The two-year temporary spousal visa currently precludes the spouse from welfare or educational benefits.  Presumably female spouses would not be entitled to the government’s Maternity Payment – which is certainly in keeping with good historical tradition.  It would seem some children are more important than others…

 

And the future goes to…?

 

Jupp predicts that by 2010 Australia will be less multiracial than the US or New Zealand.  Statistics show in 2001 approximately 88% of Australians were of European ancestry compared to 80% in New Zealand (2001) and 75.1% in the US (2000).  It’s hard to shake the pro-natalist feeling of the government’s fertility ‘drive’, particularly given the backyard we’re populating retains such a clear racial demographic.

 

While racist, home-grown protectionism is part of Australian migration history, there can be no room for it in our policy platform now.  Population ratio, not the race ratio, is what needs addressing.  What should be startlingly obvious is that the predicted fertility crisis talks of tomorrow, but the labour crisis is already here to stay.  And some knee-jerk, turn the tap “on and off” approach to migration policy is not going to cut muster where global competition for the best skilled workers is already running red-hot.

 

What the government needs to grapple with is this.
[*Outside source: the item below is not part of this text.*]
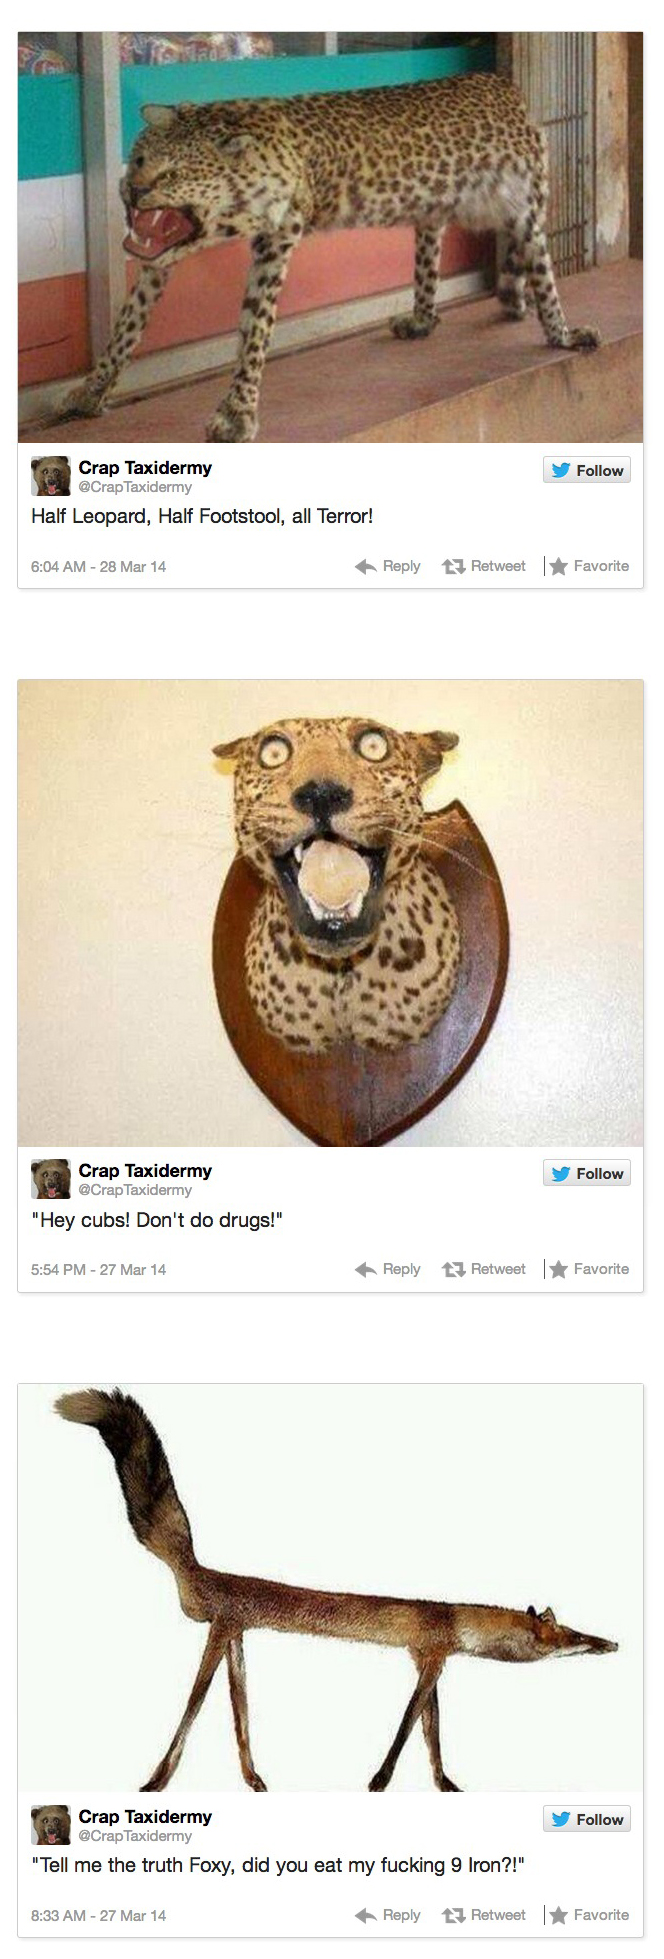 combined-crap-taxidermy-4

In a decade’s time, it won’t be highly-skilled immigrants who’ll be begging to get in, but rather Australia begging them.  Begging them to come here, and not the US, New Zealand or numerous other developed countries suffering chronic labour crises.  If the government wants to set Australia apart, it could start by relying less on exclusionary mechanisms such as temporary work placements, by ceasing to engineer the tearing apart of immigrant’s families, and in stamping their children ‘second-class’.  And that’s just for a start. The world is watching…if the government allows history to repeat itself, it sentences our future to certain decline.